Guard against clergy misuse of money, sex and power

  • Facebook
  • Twitter
  • Email

WACO—Congregations need plans, policies and procedures to guard against clergy sexual or financial misconduct and to guide them if the unthinkable occurs, professors from Baylor University’s Truett Theological Seminary and School of Social Work told a group of Central Texas ministers.

robert creech300Robert CreechIt’s no accident the ancient monastic movement demanded three vows—poverty, chastity and obedience, said Robert Creech, professor of Christian ministries and director of pastoral ministries at Truett Theological Seminary.

“Money, sex and power are the three big issues historically that clergy have come up against,” Creech told a workshop on misconduct in the church, sponsored by Baylor’s Center for Ministry Effectiveness and Educational Leadership and Waco Regional Baptist Association.

Churches can help guard against ministerial misconduct by recognizing and addressing the vulnerabilities of clergy, he noted.

Community is the remedy for isolation

“Isolation is one of the biggest issues clergy face,” Creech said, noting the pastor is the one person in any congregation who has no pastor. Churches should encourage ministers to be involved in peer groups that offer support, companionship and accountability, he said. “Community is the remedy for isolation and loneliness.”

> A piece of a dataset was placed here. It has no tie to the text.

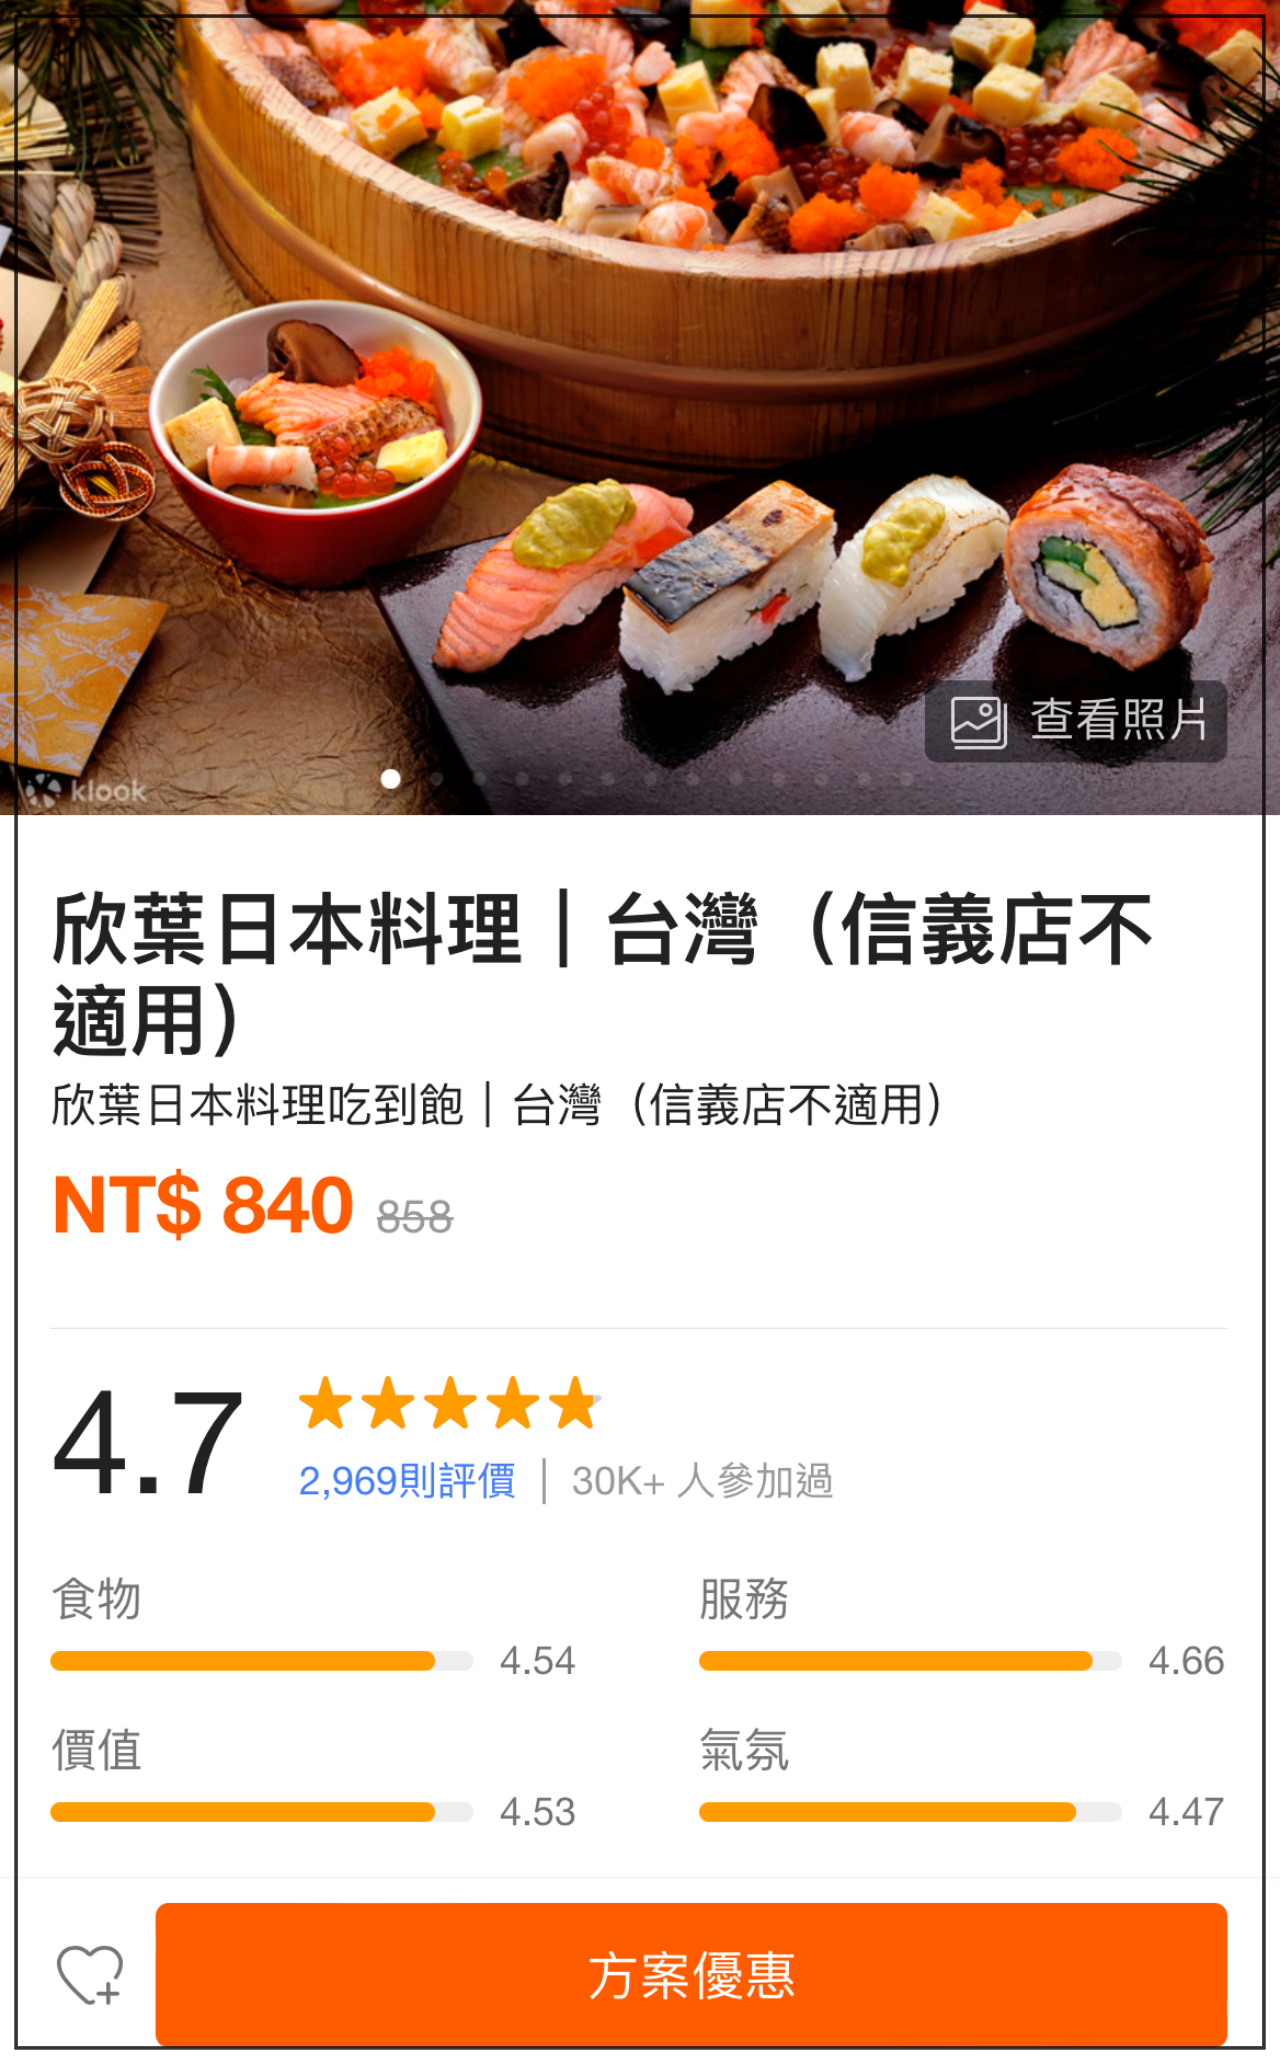 欣葉日本料理吃到飽。台北健康店｜嚴選新鮮水產、牧產與野菜
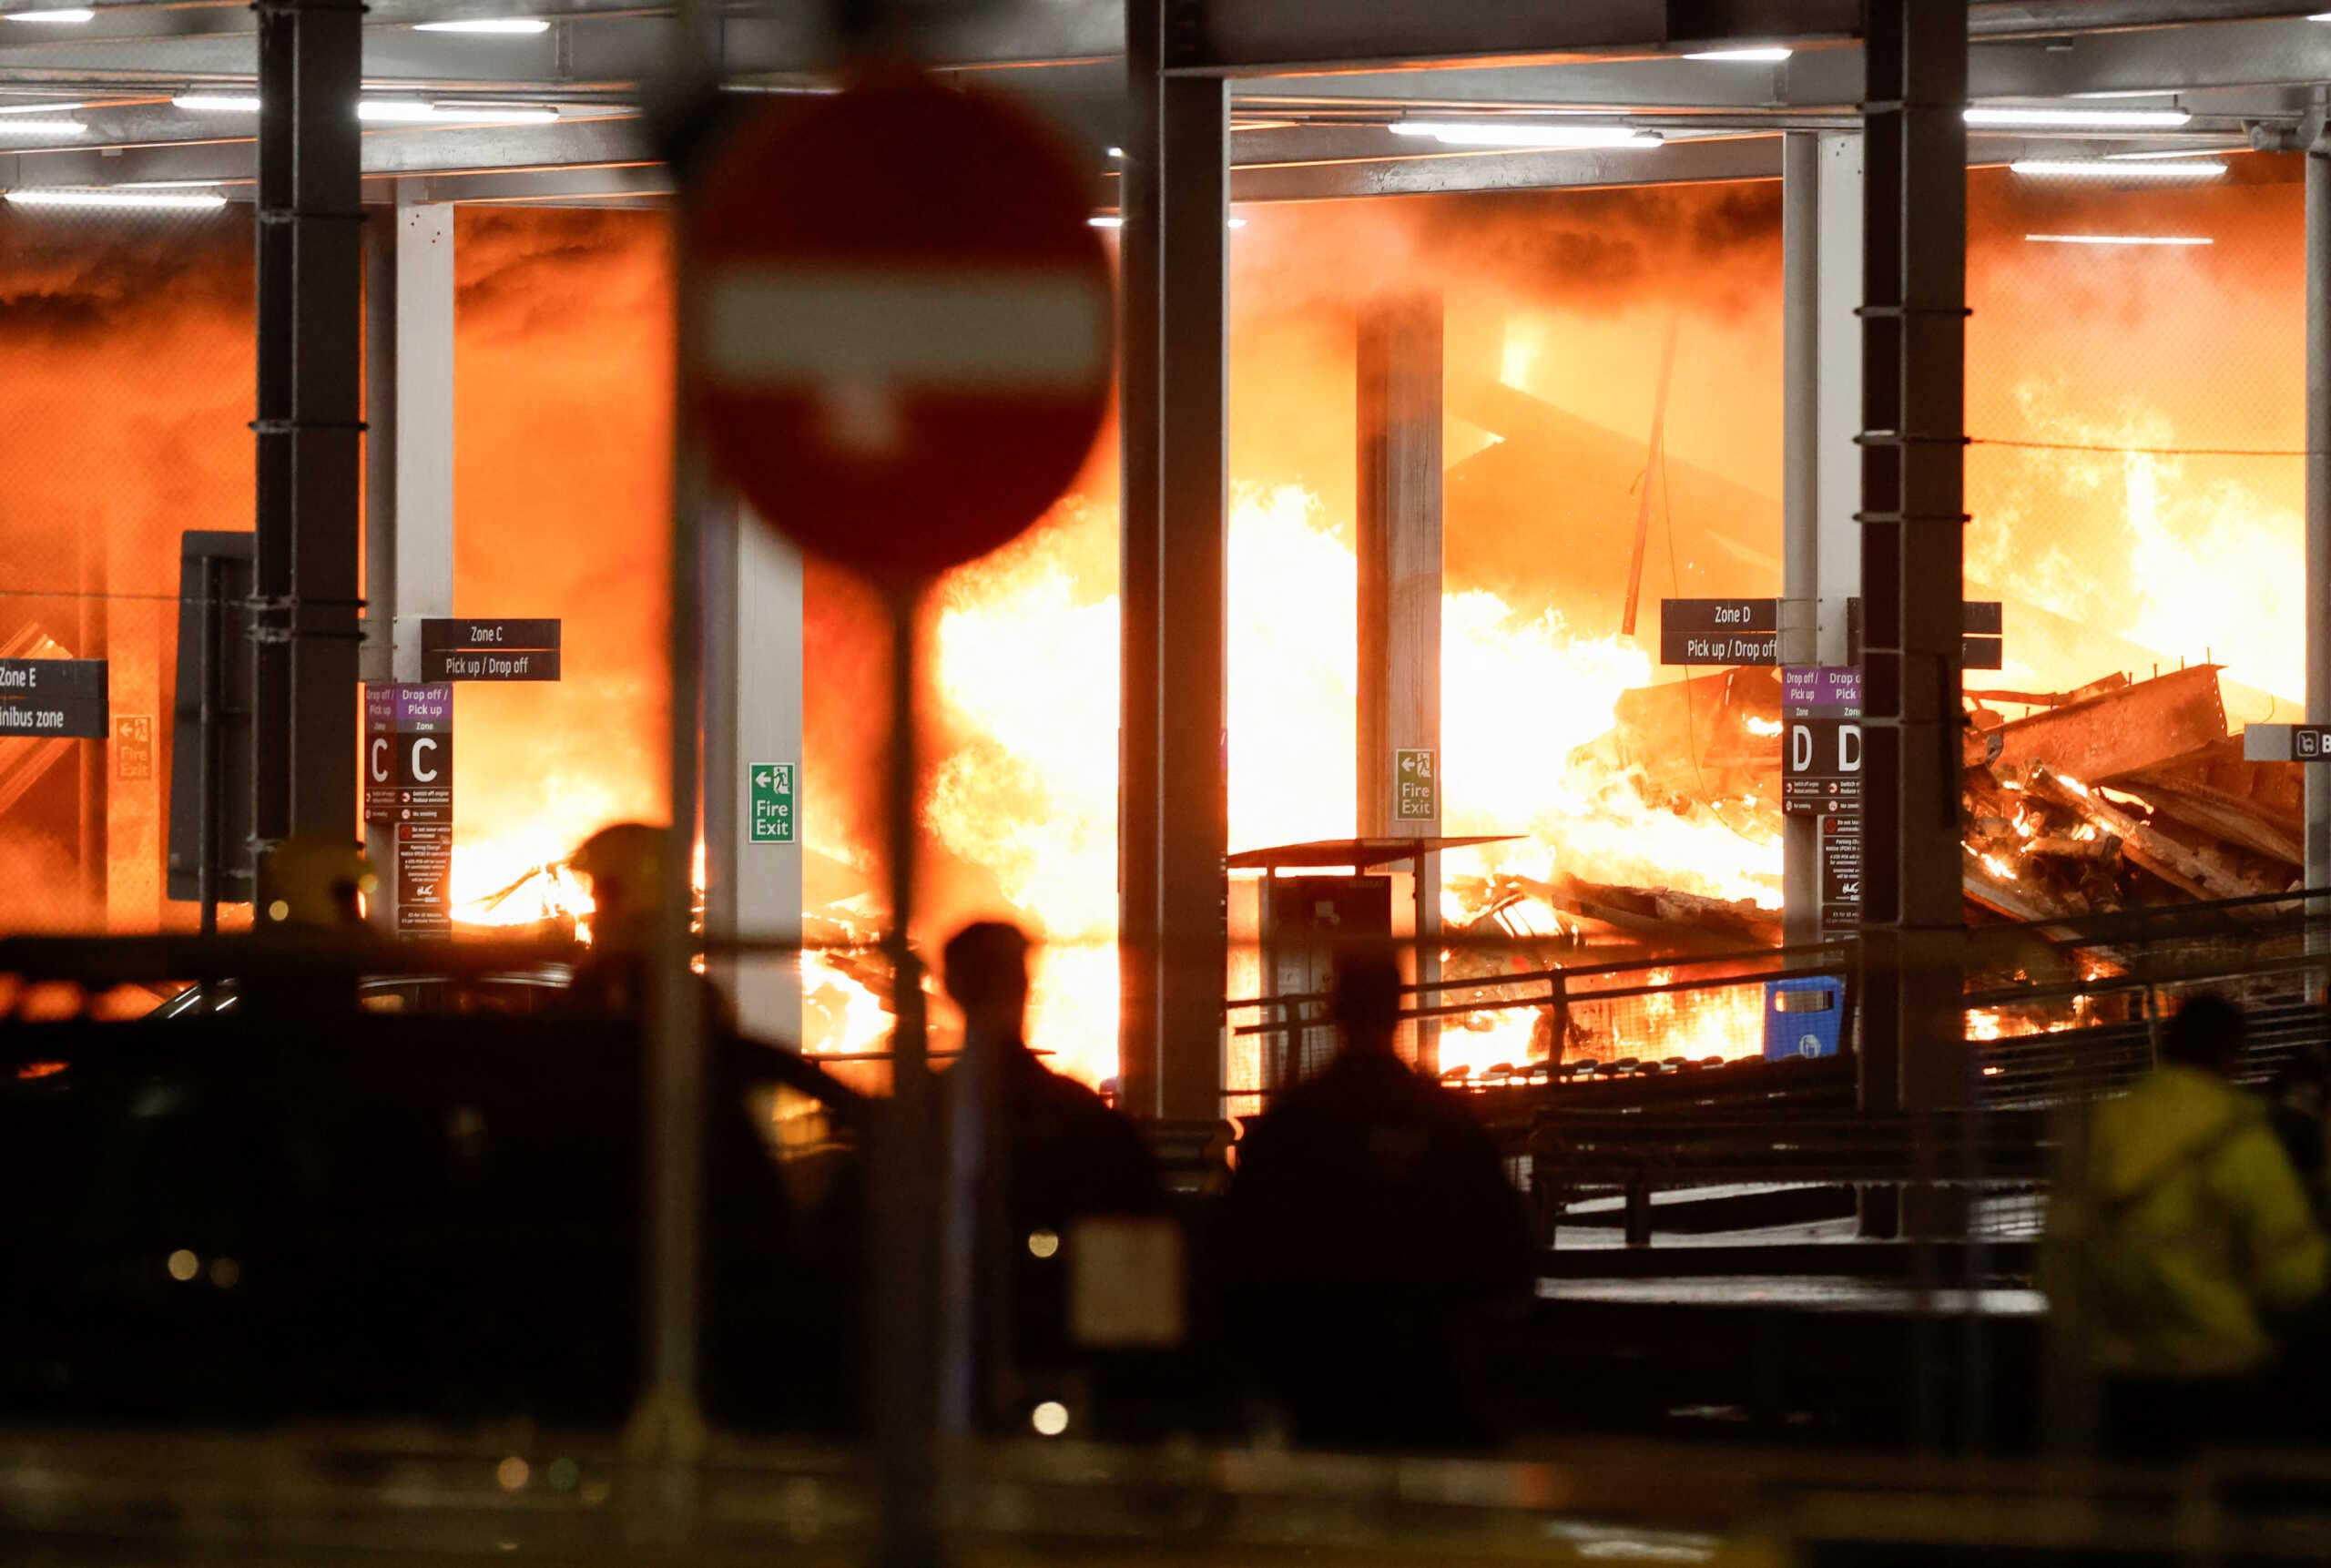 Λούτον: Ξαναρχίζουν οι πτήσεις μετά την τεράστια φωτιά στο πάρκινγκ του λονδρέζικου αεροδρομίου

Failure to address issues of isolation and loneliness create a situation just as potentially dangerous as in some drought-stricken rural counties that impose burn bans to prevent fires, he observed.

“Sometimes, things are too dry to risk sparks that could start a fire,” he said.

Congregations should adopt a “trust and verify” policy and make sure ministers and church members understand clear boundaries, Creech suggested.

“Build accountability into life,” he said. “It’s not foolproof, but it’s foolish not to have it.”

Churches should encourage ministers to develop a personal code of ethics they share with someone or a covenant of trust  they enter into with the congregation, he said.

Have clear policies in place

Congregations also need clear policies in place to guide them in handling ministerial misconduct, Creech added. They include clear understanding that any incident involving sexual abuse of minors must be reported immediately, and any accusations involving adults follow a clearly delineated due process.

diana garland300Diana GarlandChurches need to change the vocabulary they use to describe sexual relations between ministers and church members, said Diana Garland, dean of the Baylor School of Social Work.

A minister does not have an “affair” with a church member, because most people view that term as referring to a private matter between consenting adults, she noted. Clergy sexual misconduct is not private; it is a betrayal of trust within the faith community, she said. And the minister holds a position of power that makes consent irrelevant.

“It’s not an affair. It’s an abuse of power. The church member is not a consenting adult but a parishioner in the power of a religious leader,” she said.

Garland, lead researcher on a national study  about the prevalence of clergy sexual misconduct, identified six characteristics in congregations that allow it to occur:

Tendency to ignore warning signs. “When we don’t understand a situation, we don’t do anything,” she said.

Niceness culture. Christians tend to be trusting and even naïve about abuse of power by religious authority figures, she noted. And even if they suspect something, they don’t want to risk hurting anyone’s feelings and tend to avoid confrontation.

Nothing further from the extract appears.